┌─ SOURCE RECORDS
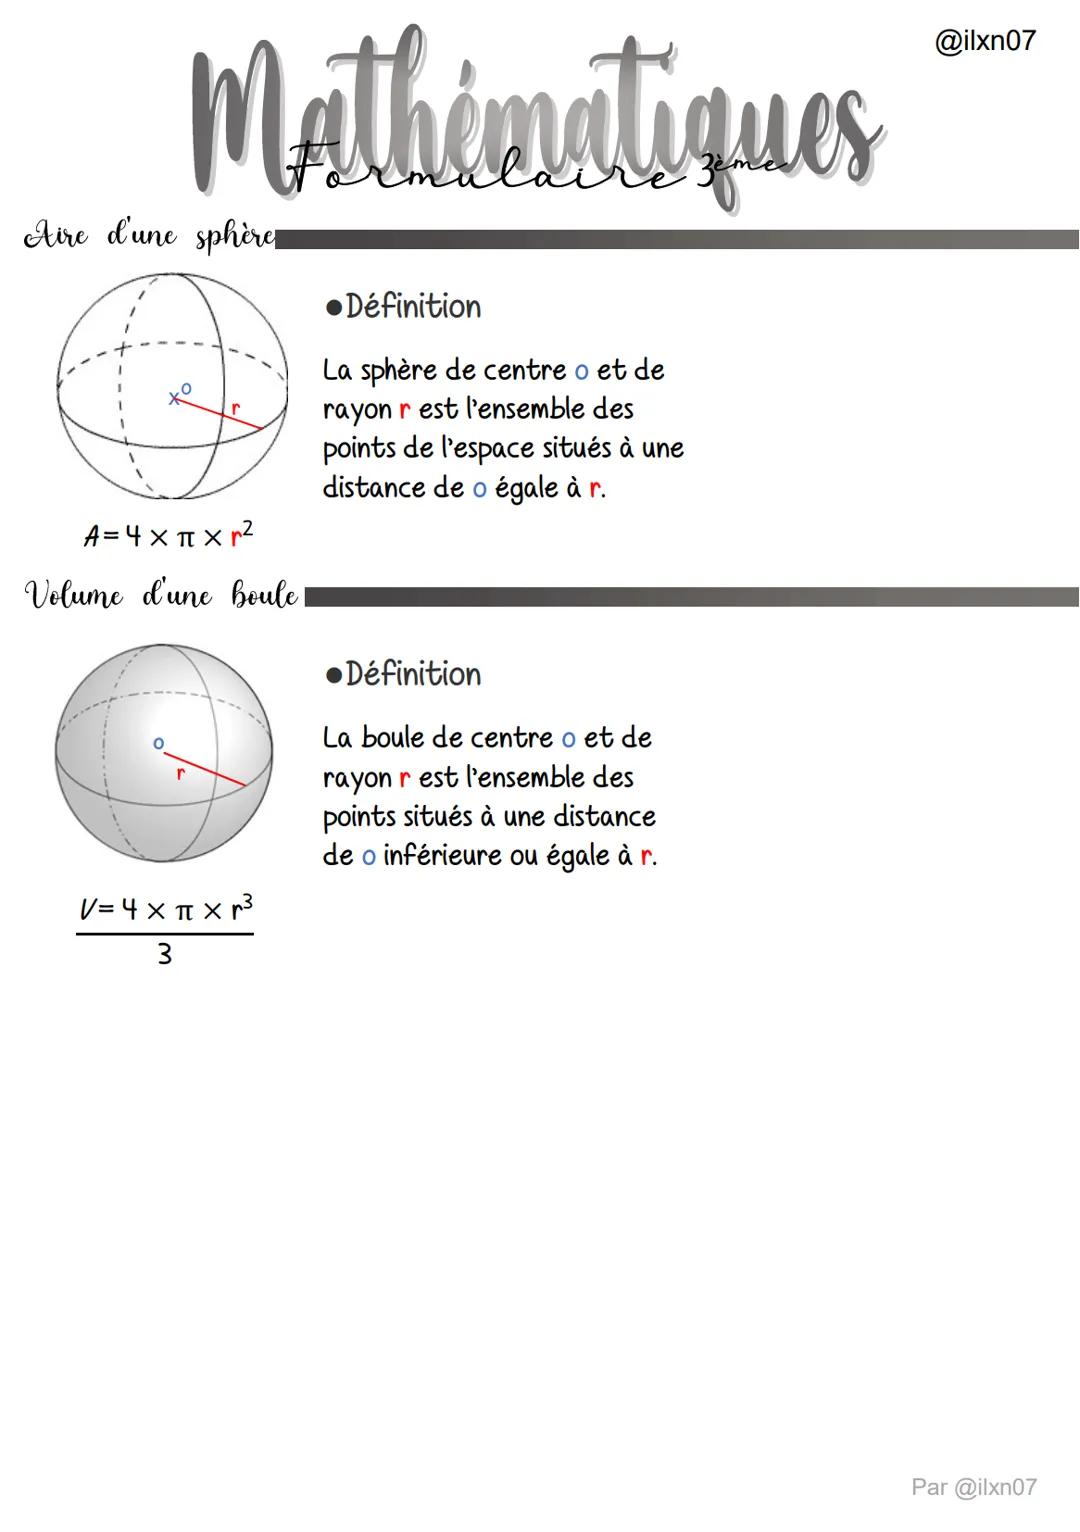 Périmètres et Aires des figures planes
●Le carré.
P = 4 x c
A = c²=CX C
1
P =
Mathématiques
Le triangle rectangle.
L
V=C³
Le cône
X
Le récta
└─
Output the records exactly, please. The pictures are not part of the copy.

 Périmètres et Aires des figures planes
●Le carré.
P = 4 x c
A = c²=CX C
1
P =
Mathématiques
Le triangle rectangle.
L
V=C³
Le cône
X
Le récta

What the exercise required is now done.